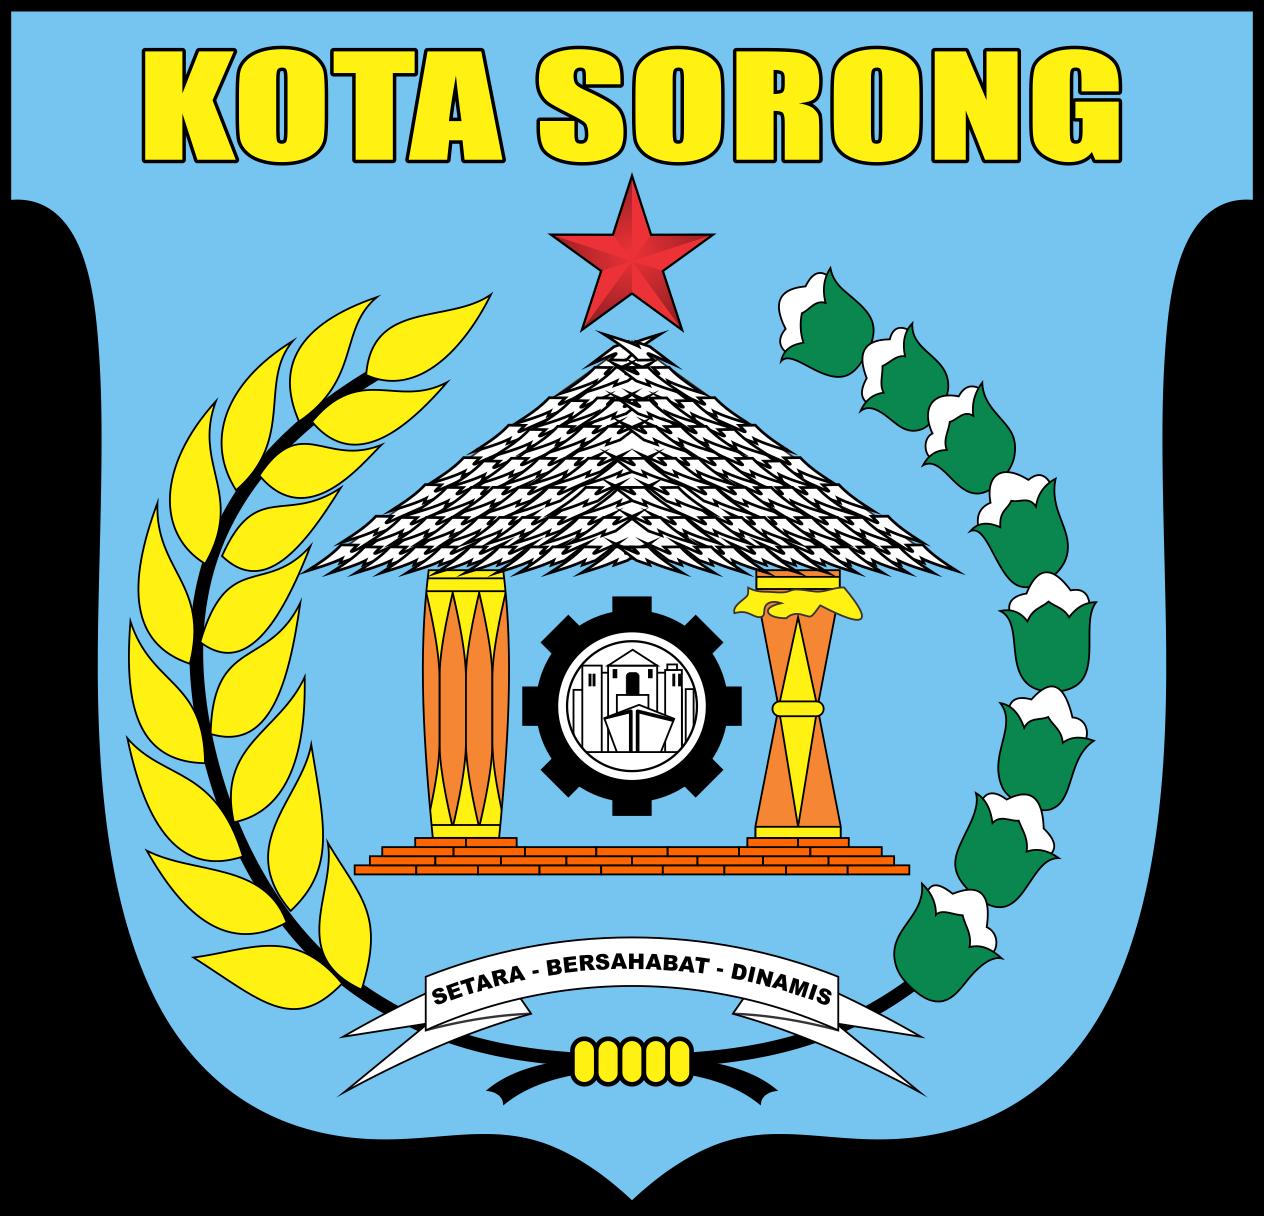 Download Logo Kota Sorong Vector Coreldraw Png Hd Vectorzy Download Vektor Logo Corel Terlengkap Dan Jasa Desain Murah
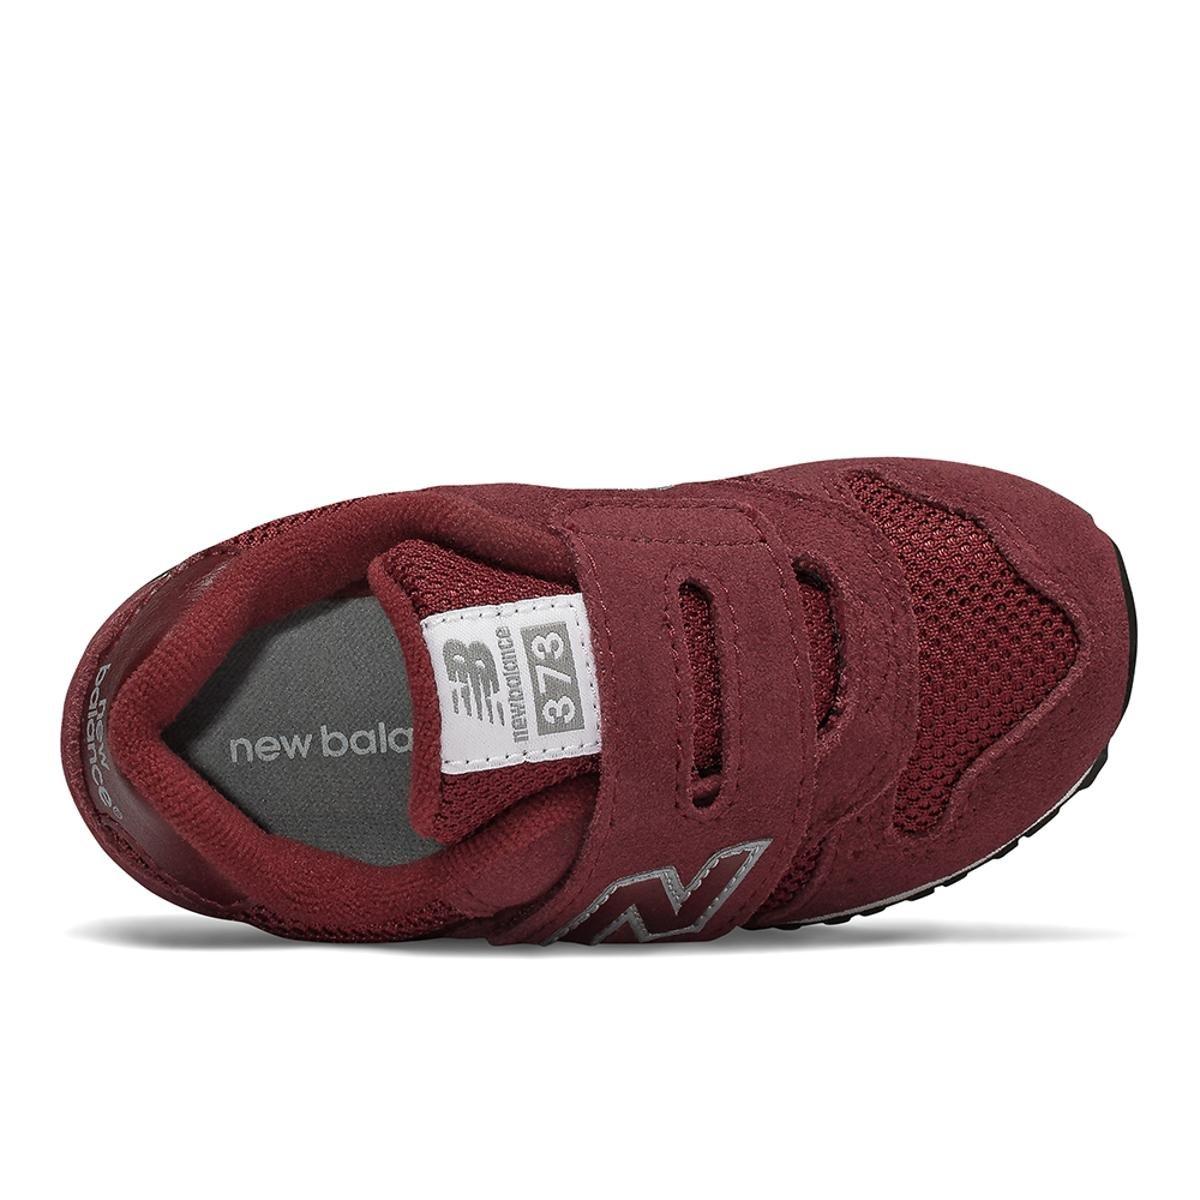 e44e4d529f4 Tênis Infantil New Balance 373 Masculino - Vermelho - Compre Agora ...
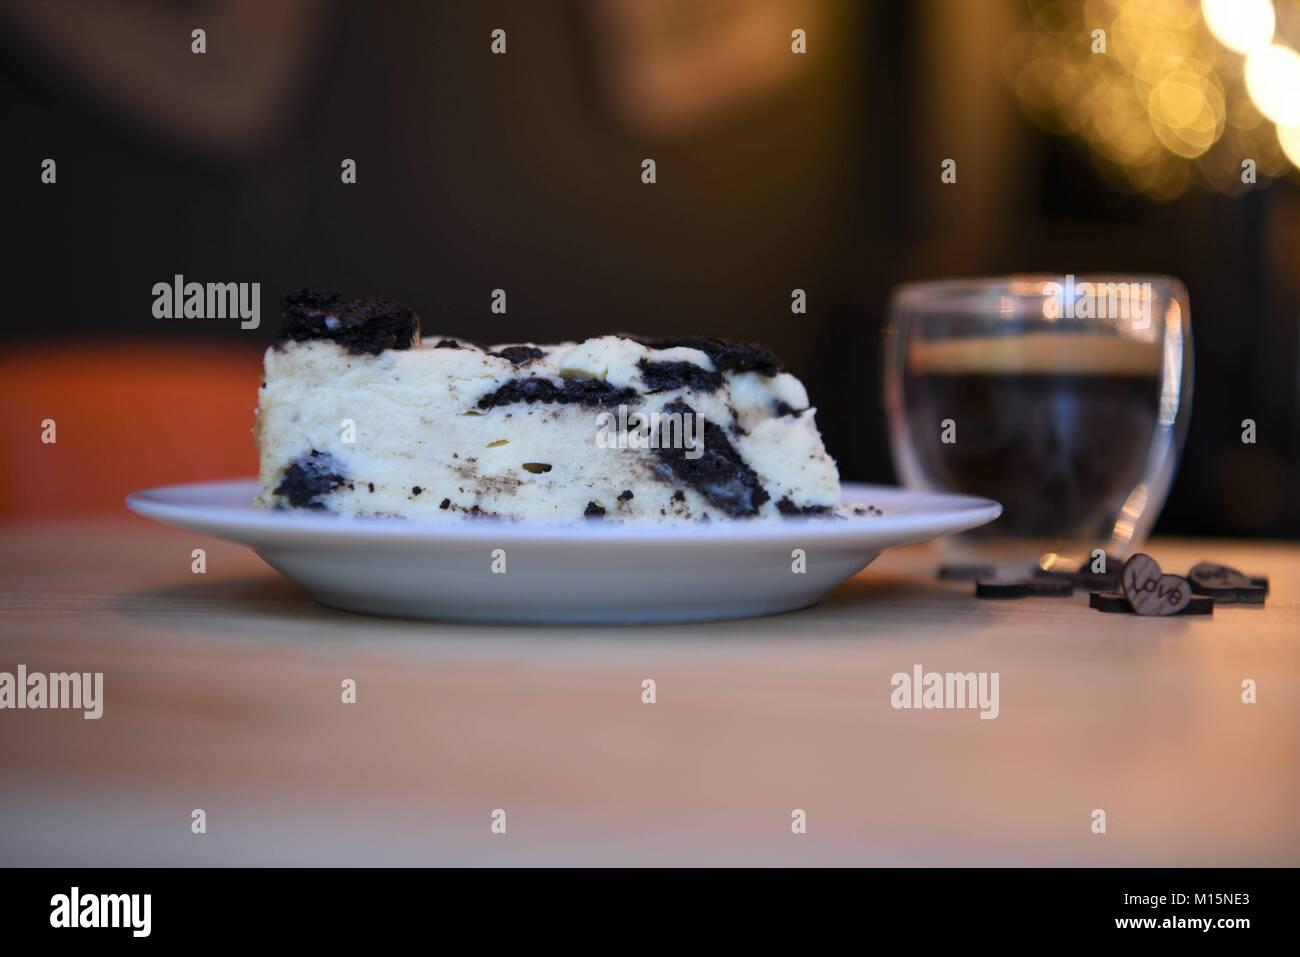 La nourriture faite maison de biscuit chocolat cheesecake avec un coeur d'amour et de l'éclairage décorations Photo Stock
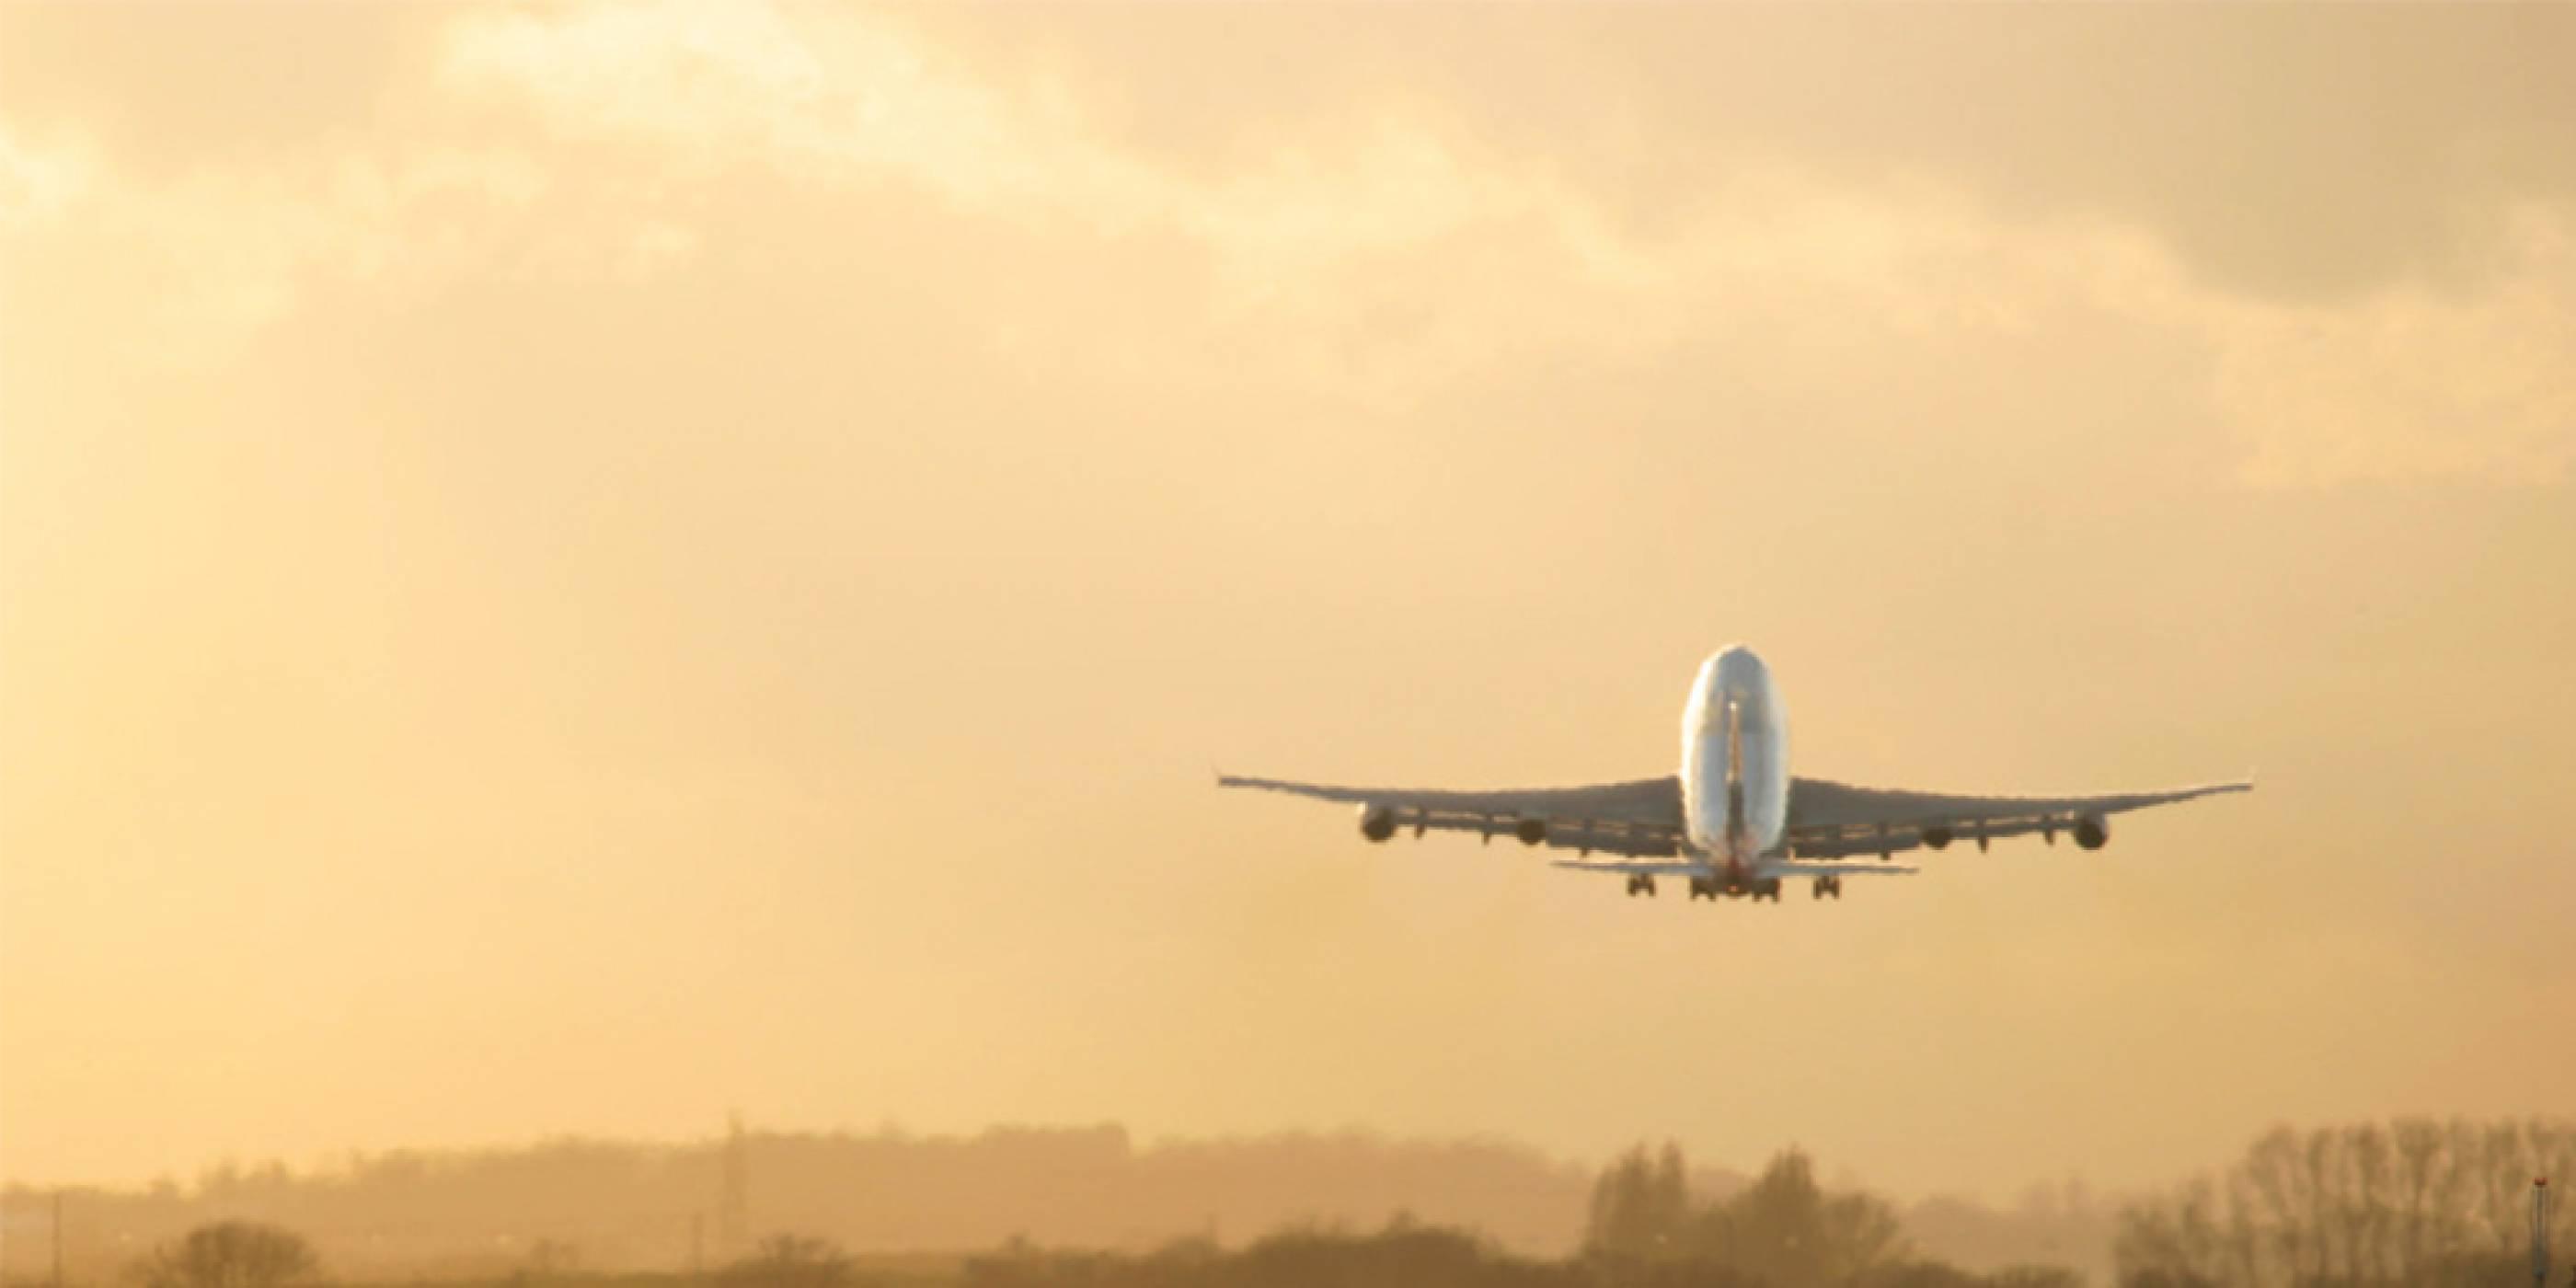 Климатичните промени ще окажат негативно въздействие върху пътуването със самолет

[EXERCISE AIM]:
Because the copy must hold no pictures, return only the lines that run from the line containing "La nourriture faite" to the end of the data above, each exactly as it stands.

[SOLUTION FOR THIS TASK]:
 La nourriture faite maison de biscuit chocolat cheesecake avec un coeur d'amour et de l'éclairage décorations Photo Stock
 Климатичните промени ще окажат негативно въздействие върху пътуването със самолет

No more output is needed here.